Task goal: Transcribe all of the data exactly. Images stay out.

(Source data)

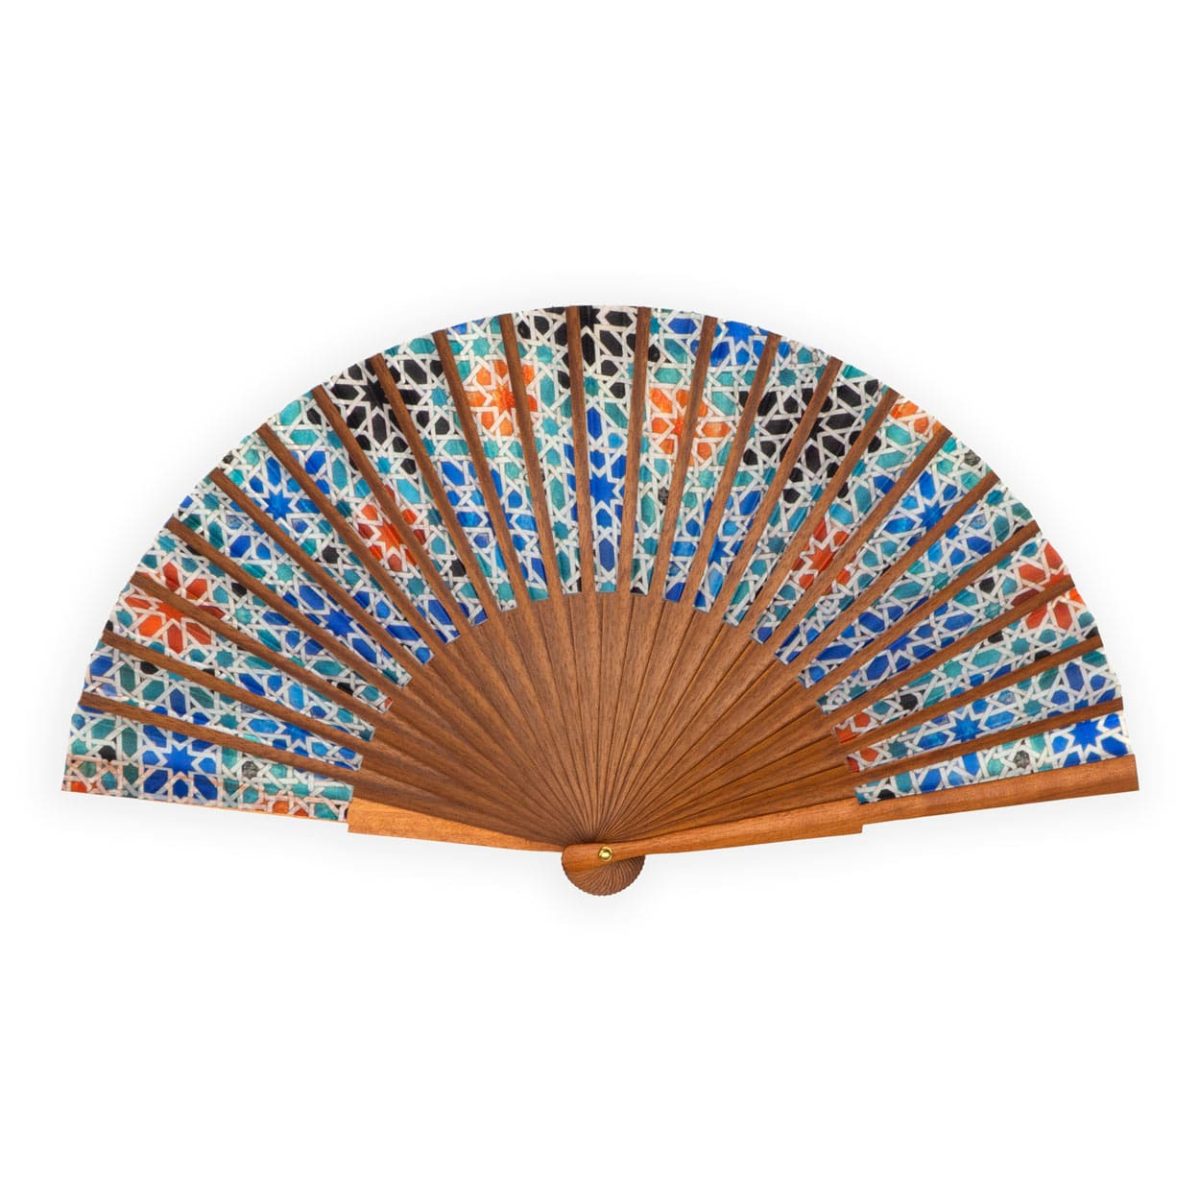 Islamic art inspired multicolor silk fan
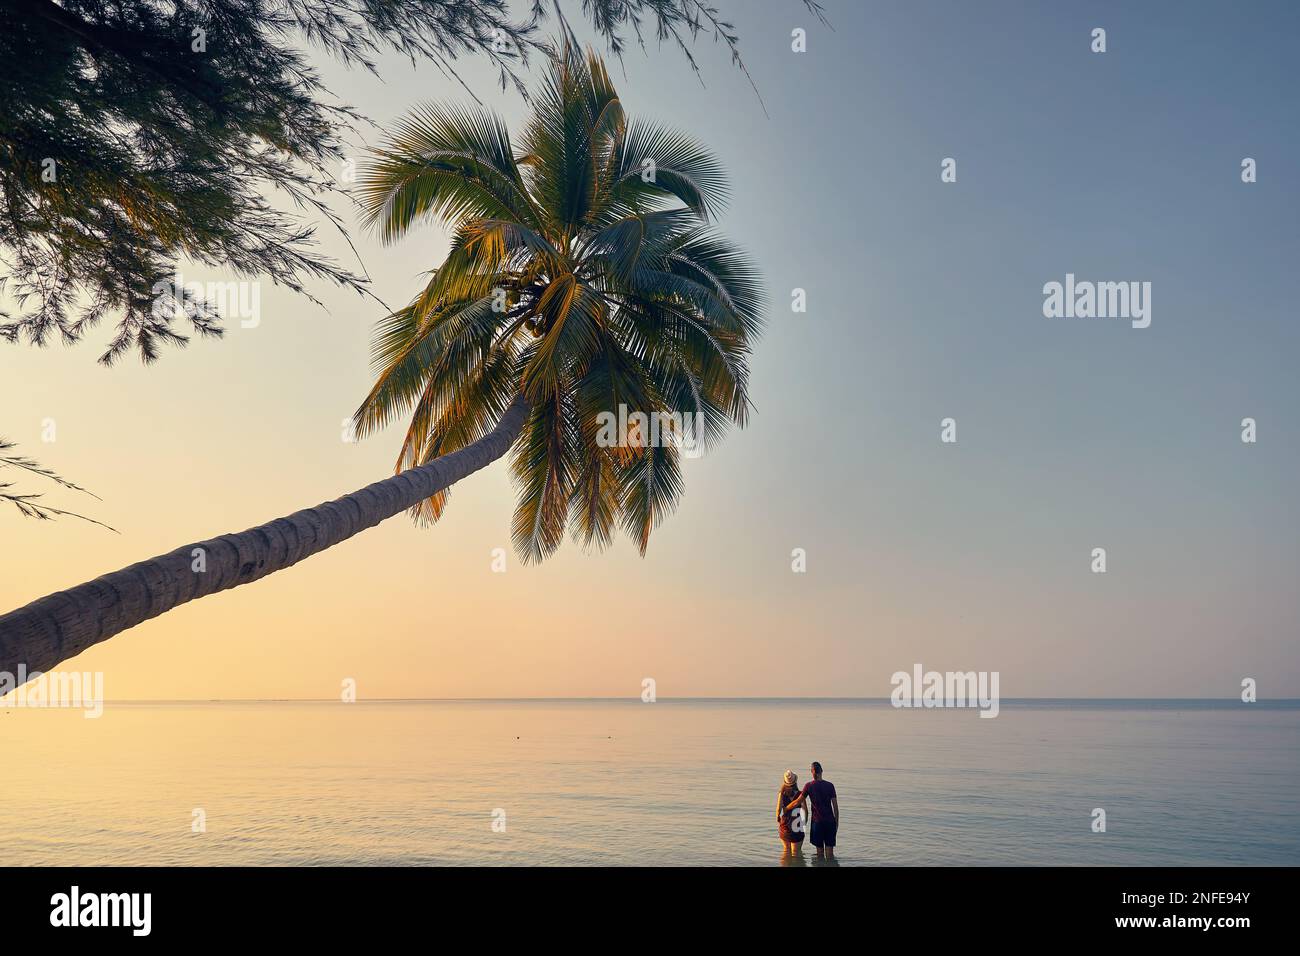 Glückliches Paar im Wasser am tropischen Strand in der Nähe von Palmen der Phi Phi Insel im Süden Thailands. Reisemagazin Urlaubskonzept. Stockfoto
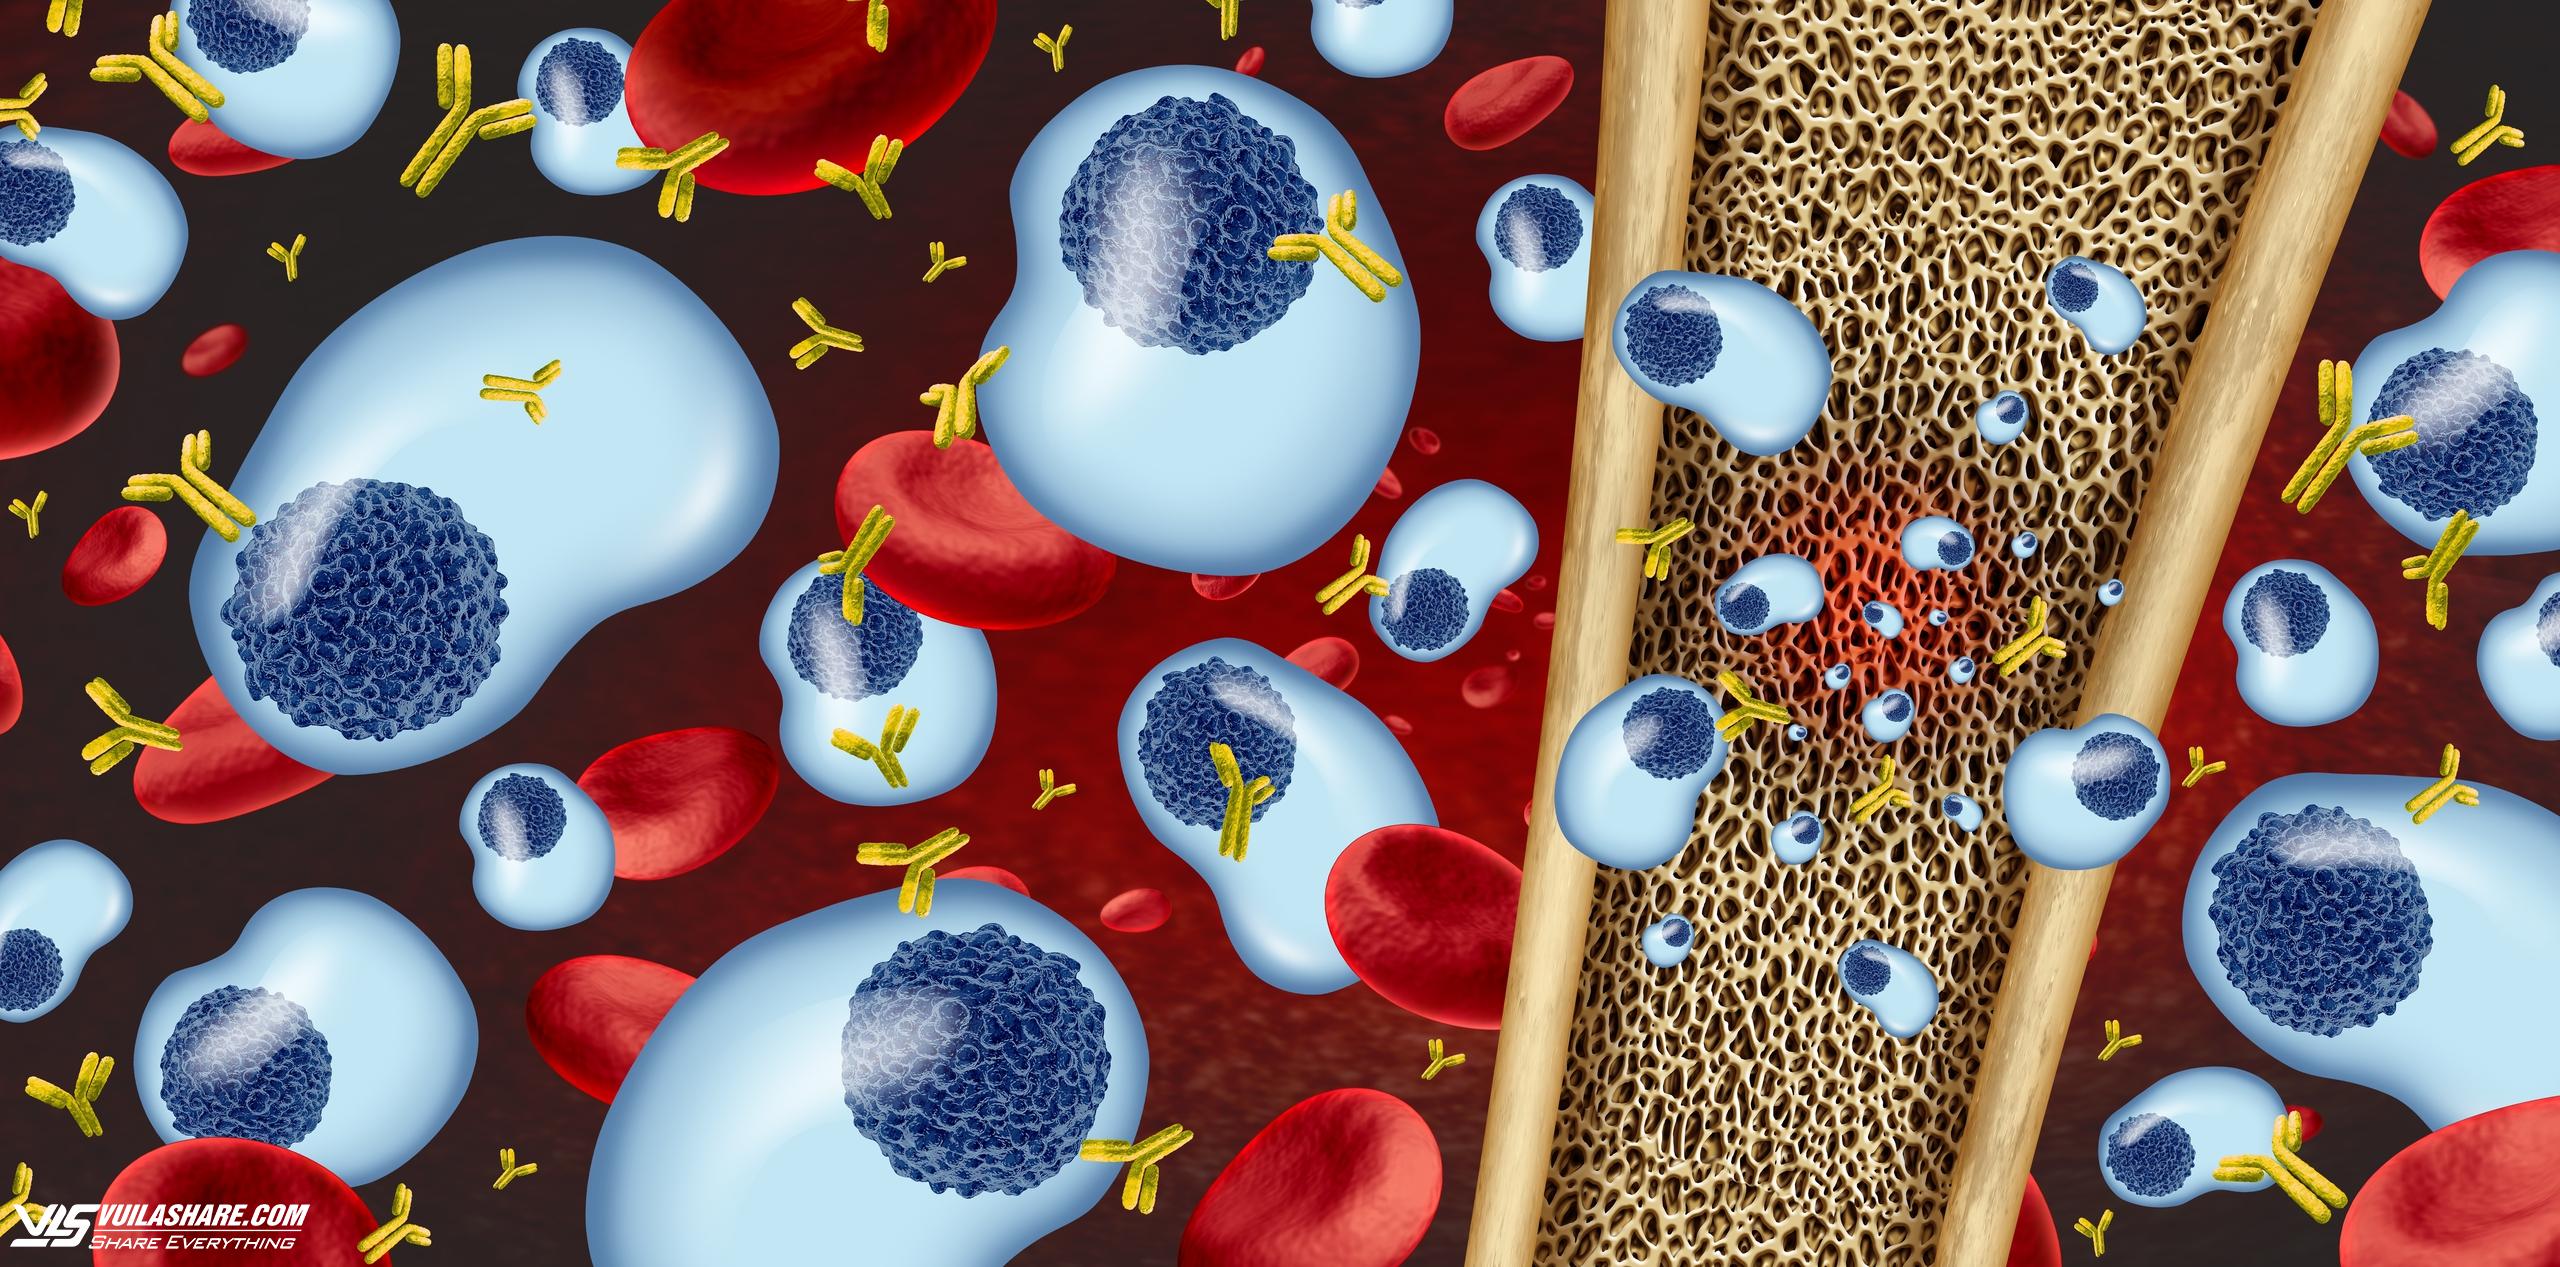 Bệnh đa u tuỷ xương gây ra do rối loạn tế bào plasma (màu xanh), hình thành các ổ tiêu xương. Nguồn ảnh minh hoạ: Shutterstock

(End Source data)

Answer space:
 Islamic art inspired multicolor silk fan
 Glückliches Paar im Wasser am tropischen Strand in der Nähe von Palmen der Phi Phi Insel im Süden Thailands. Reisemagazin Urlaubskonzept. Stockfoto
 Bệnh đa u tuỷ xương gây ra do rối loạn tế bào plasma (màu xanh), hình thành các ổ tiêu xương. Nguồn ảnh minh hoạ: Shutterstock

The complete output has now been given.